This is an op-ed about something fishy brewing in the municipal industry that is not discussed openly and frequently enough.
Market manipulation.
As a long-time follower of the rather sleepy municipal market, the past five years have seen a torrent of interest and publicity like I have never seen before. The reason? Puerto Rico.
Was the financial press concerned about the past administrations’ financial shenanigans, maybe. Did analysts from Nuveen and Blackrock contemplated the destruction of lives and livelihood in America’s “51st” state, perhaps?
In conference after conference, webcast after webcast, one came away with the unspoken conclusion on why Puerto Rico was so relevant and interesting: the Commonwealth’s restructuring was going to be (and became) the single biggest cash generation machine the municipal industry has ever known.
From lawyers who have racketed tens of millions of fees, to trustees who were no longer bound by fee caps. And the biggest sharks of all – hedge funds who purchased Puerto Rico bonds at 10 cents, waited three years and got out at 60 cents. Any surprise municipal high yield funds increased their AUMs by 600% over the past five years?
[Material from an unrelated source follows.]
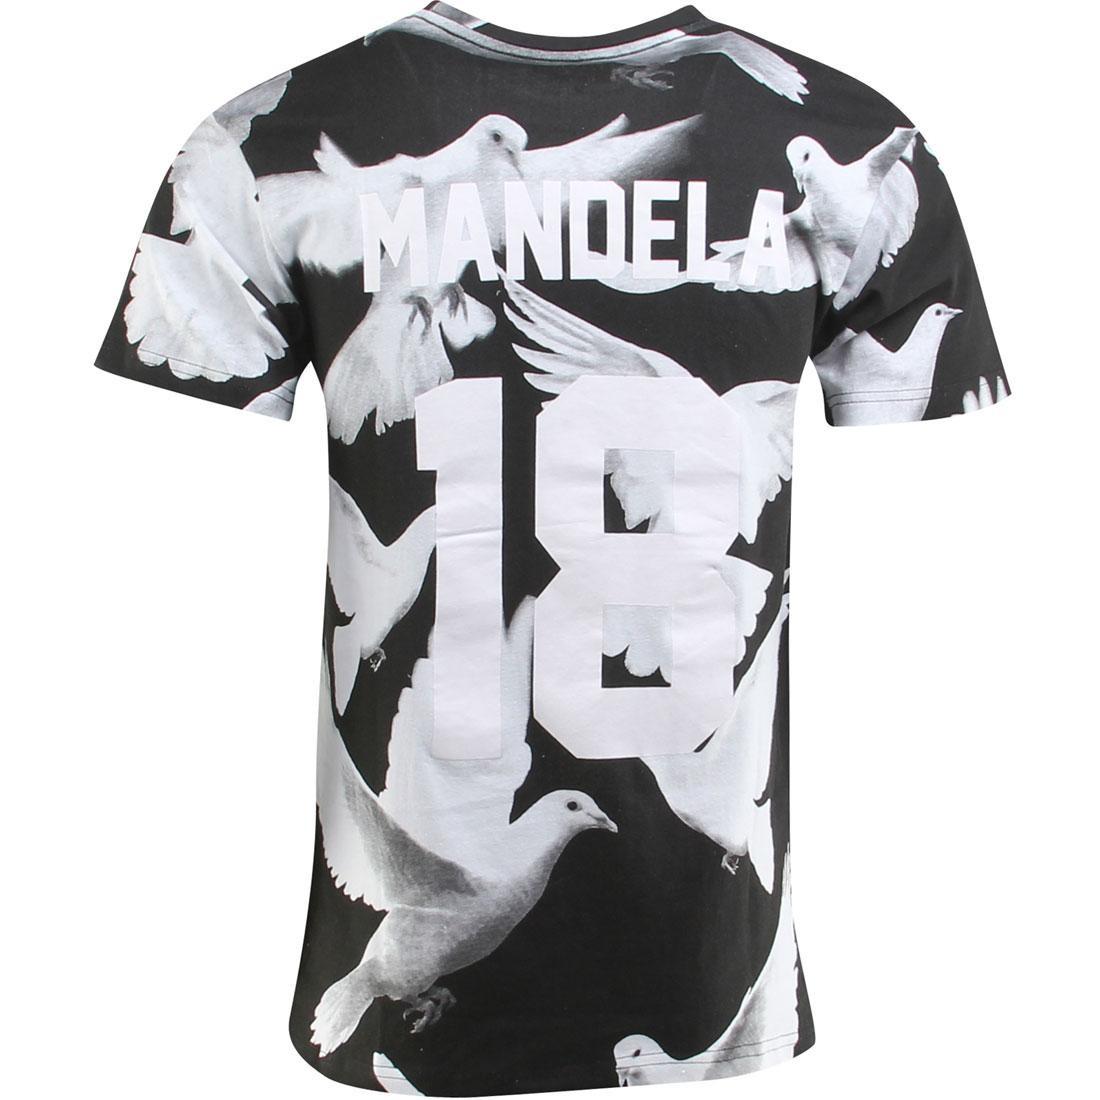 Tシャツ メンズファッション トップス カットソー メンズ 【 Eleven Paris Mandela Tee (black / Olombe Print) 】 Black / Olombe Print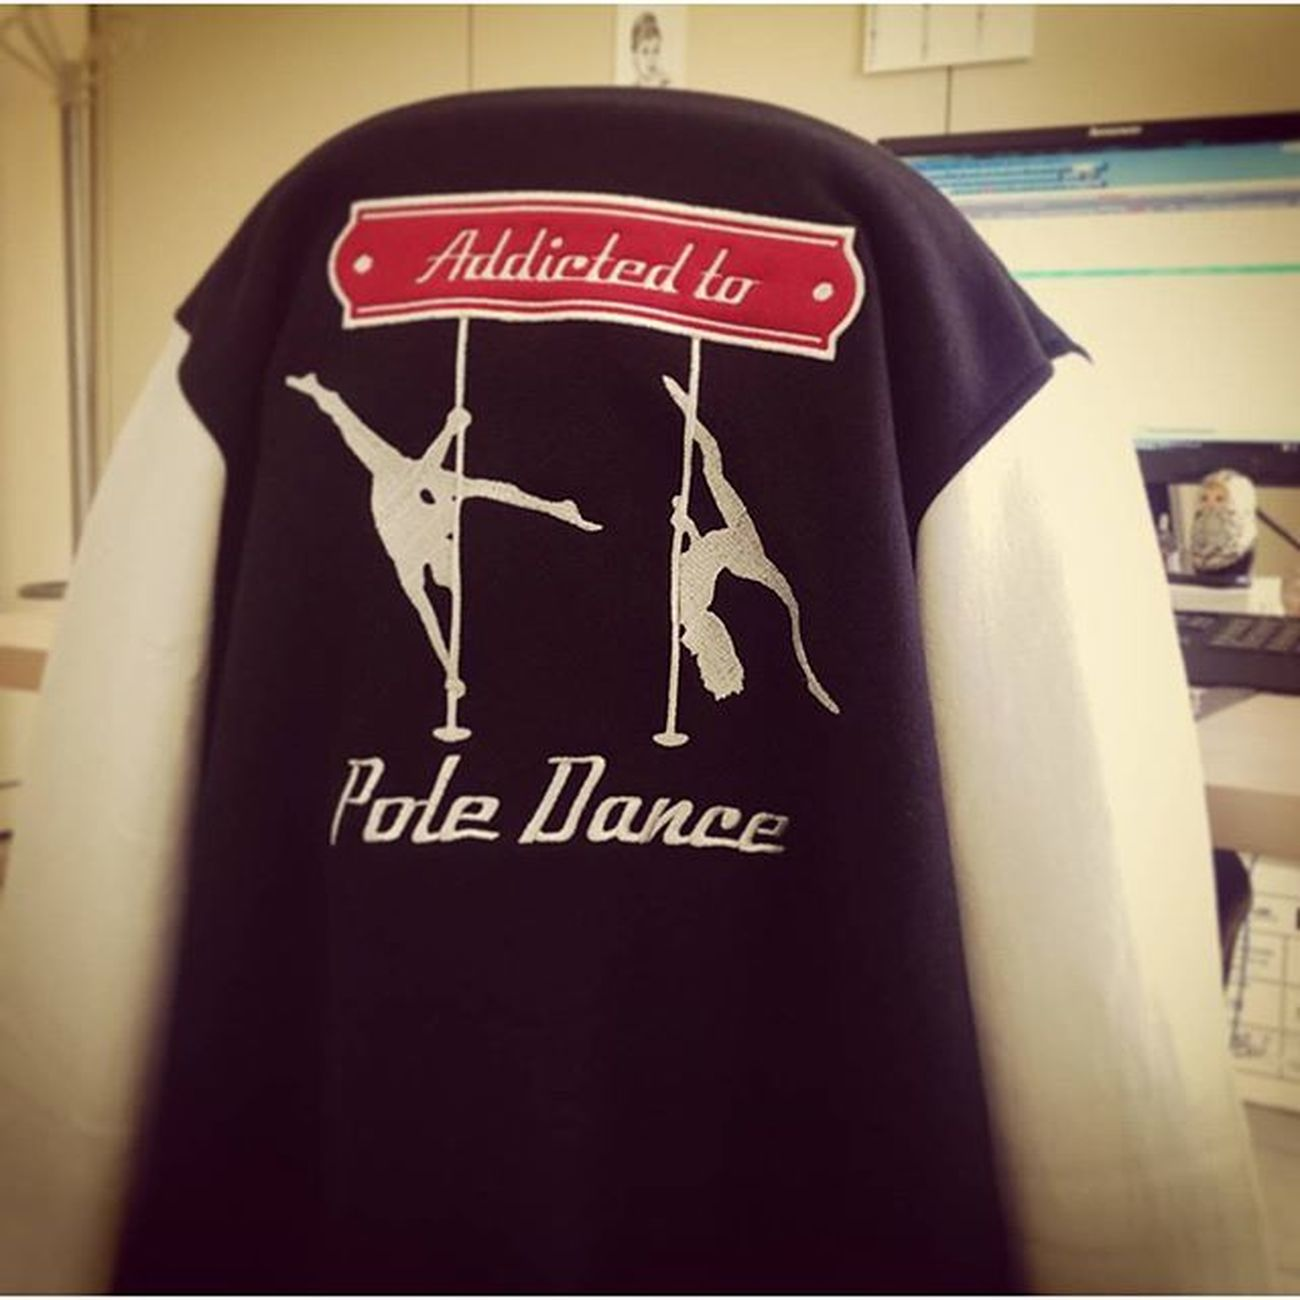 Pole dancers at work 😂😂😂 Poledancebeginners Poledance Poledanceaddicted Poledancersofinstagram poledancemania nopainnogain palonontitemo chiara0palo1 poledanceratwork chiara chasingmydreams celapossofareforse poledancer

When the roulette is easy enough to win and generates so much return, it’s worth spinning the wheel.
Last month, a hedge fund filed a lawsuit claiming that $16 billion of Illinois General Obligation bonds were issued illegally. The petition was highly aggressive, seeking a full injunction from paying principal and interest on the contested bonds. Illinois bond spreads widened 30 basis points immediately. In Muniland, 30 basis points translates to a juicy 10% return differential, adjusted for leverage.
Yesterday, Fitch Ratings upgraded its outlook on Illinois. The rating agency cited the states’ on-time passage of its FY2020 budget as well as a $1.5 billion tax windfall due to changes in federal tax law.
Count on more good news in the coming months. Like a faulty faucet, there will likely be more upgrades–from rating agencies and sell-side houses–and there will be a “return to grace” as Illinois is declared a miracle state and bondholders are made whole again.
Not quite. Not the retail bondholders that panicked and sold after the lawsuit was filed. Not issuers saddled with a higher borrowing cost because risk was artificially inflated. Not taxpayers who pay the ultimate price.
As every woman who knows her kitchen knows, the easiest way to clear the stench of fish is to turn up the fans, open all windows and give it some time.
The only way to counter market manipulation that is not quite illegal, but wholly unethical – is to open the windows that allow the sun to shine in. The Bloombergs and the Wall Street Journals of the world need to continue to shine a light at this important “cottage industry” that is the U.S. municipal bond market.